„Am allerwichtigsten ist es dabei, dass man sich mit dem Thema NS-Zeit auseinander setzt – und wie wir ein erneutes Auftreten dieses Szenarios verhindern können, also mit Vergangenheit UND Zukunft. Denn nur eine Gesellschaft, die klar Stellung zu einem solchen Thema bezieht, wird eine Chance haben, Hass, Hetze und Antisemitismus Grenzen aufzuzeigen.“ Jonas Rönna, Klasse 10c3

Im Schuljahr 2019/20 gab es für die damaligen Neuntklässler des Sophie-Scholl-Gymnasiums das Angebot, am Wahlpflichkurs Geschichte mit dem Thema „Itzehoe im Nationalsozialismus“ unter Leitung der Geschichtslehrerin Katja Profé teilzunehmen.

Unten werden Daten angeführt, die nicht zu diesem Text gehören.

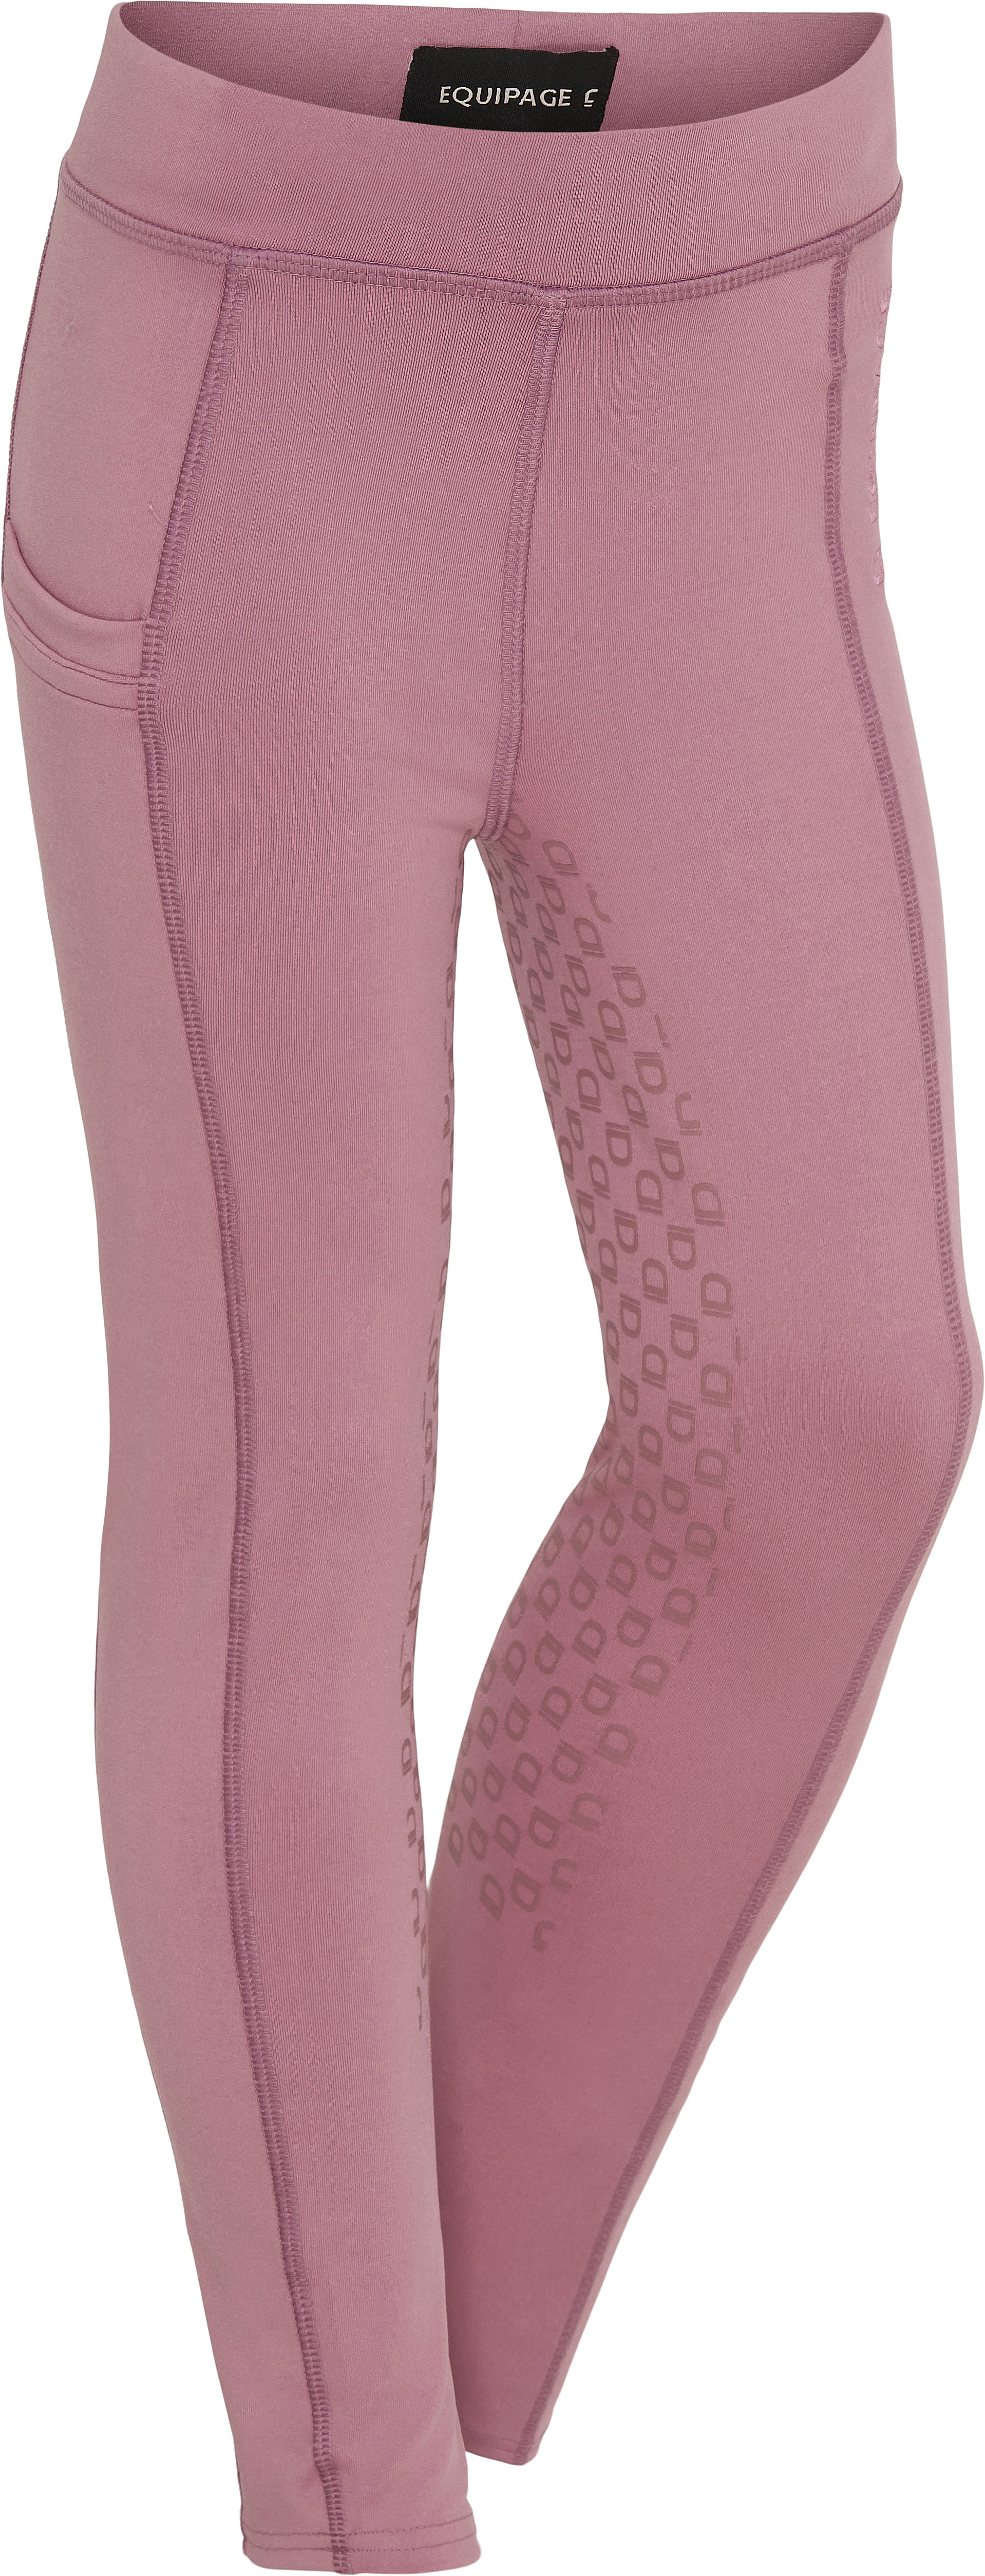 Equipage Molly Full Grip Tights - Misty Rose (116)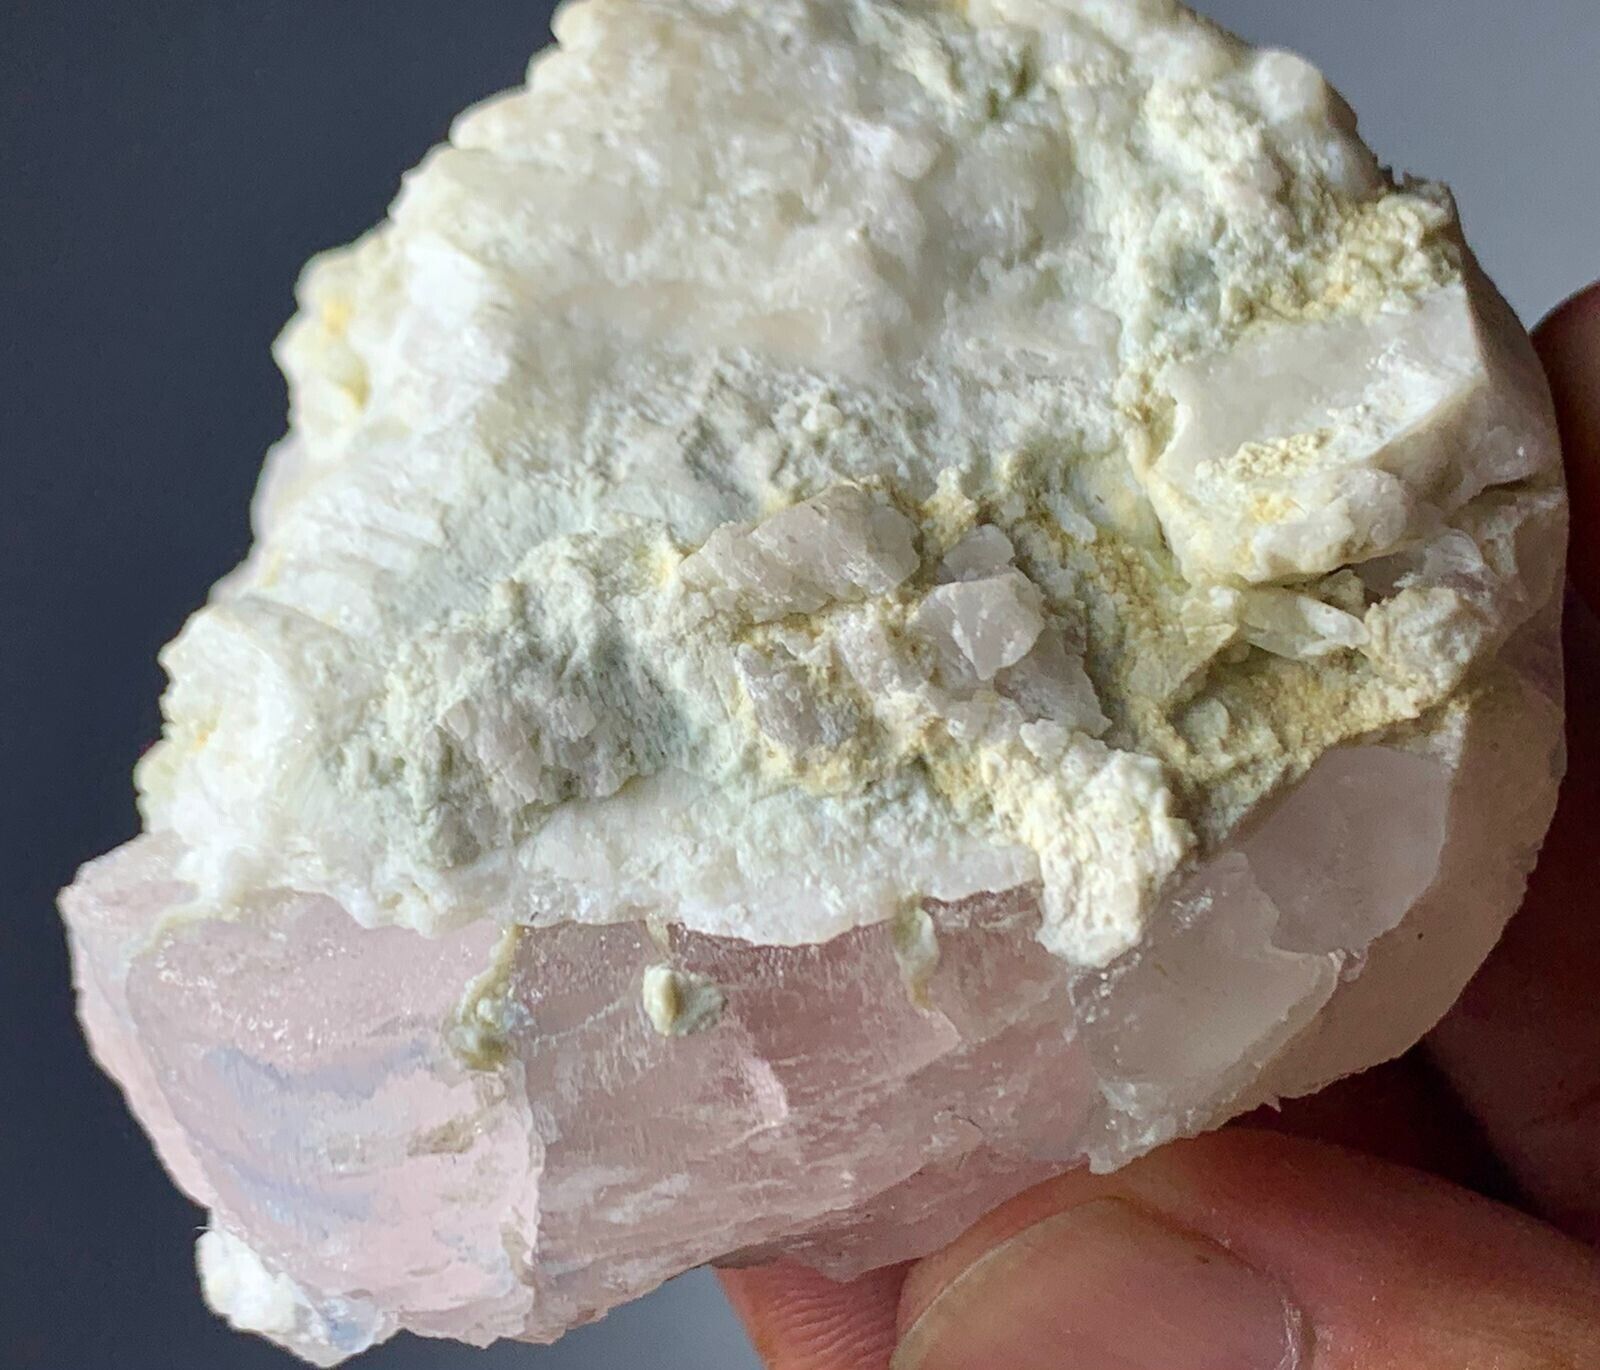 926 Cts Beautiful Quality Terminated Morganite Crystal Specimen from Afghanistan

Die zwanzig Schülerinnen und Schüler bekamen während eines vom ehemaligen Geschichtslehrer Ingo Laffrentz geführten Stadtrundganges zum Kursthema einen ersten Eindruck von ihrem neuen Forschungsfeld, mit dem sie sich in den nächsten Monaten beschäftigen sollten.
Zur Motivation trug gleichzeitig die Teilnahme an einem von der Bürgerstiftung Schleswig-Holstein ausgeschriebenen Geschichtswettbewerb „Eure Erinnerung“ bei. Hier lockten Klassen- und Einzelpreise.
Die Schüler*innen beschäftigten sich in ihren Projekten mit dem Schicksal der Juden in Itzehoe, dem städtischen Alltagsleben während des Nationalsozialismus, dem GeSchichtenberg (im Volksmund noch als Galgenberg bzw. Germanengrab bekannt) sowie mit anderen Stätten der Erinnerung und Mahnung in Itzehoe. So entstanden beispielsweise ein selbst gedrehter Film zum Nationalsozialismus in Itzehoe, fiktive Tagebucheinträge aus der Sicht einer Jüdin, Plastiken, die die Geschichte des GeSchichtenbergs veranschaulichen sowie ein Kommentar zur Erinnerungskultur.
Mit diesem Kommentar gewann der damalige Neuntklässler Jonas Rönna den mit 250 Euro dotierten Einzelpreis der Bürgerstiftung Schleswig-Holstein. Die Jury zeigte sich beeindruckt von seiner Arbeit, in der es um den Umgang der Nachkriegsgenerationen, also auch uns, mit dem Erbe des Nationalsozialismus geht. Hierzu recherchierte Jonas gründlich zu den während des Nationalsozialismus missbrauchten Bronzezeitgräbern am Langen Peter, der damit verbundenen Umdeutung zum „Germanengrab“ sowie der heutigen Nutzung der nun als GeSchichtenberg bekannten historischen Stätte. In seinem Kommentar gelangt er zu der wichtigen Erkenntnis: „Am allerwichtigsten ist es dabei, dass man sich mit dem Thema NS-Zeit auseinander setzt – und wie wir ein erneutes Auftreten dieses Szenarios verhindern können, also mit Vergangenheit und Zukunft. Denn nur eine Gesellschaft, die klar Stellung zu einem solchen Thema bezieht, wird eine Chance haben, Hass, Hetze und Antisemitismus Grenzen aufzuzeigen.“
Eigentlich sollte es am 06. November im sogenannten Nordkolleg in Rendsburg eine Ehrung aller Preisträger*innen geben, zu der u. a. die schleswig-holsteinische Bildungsministerin Karin Prien geladen war. Coronabedingt musste diese leider abgesagt werden. Im kleineren Rahmen – in einer Videokonferenz – sollen die Leistungen alle Preisträger*innen dennoch eine Würdigung erfahren.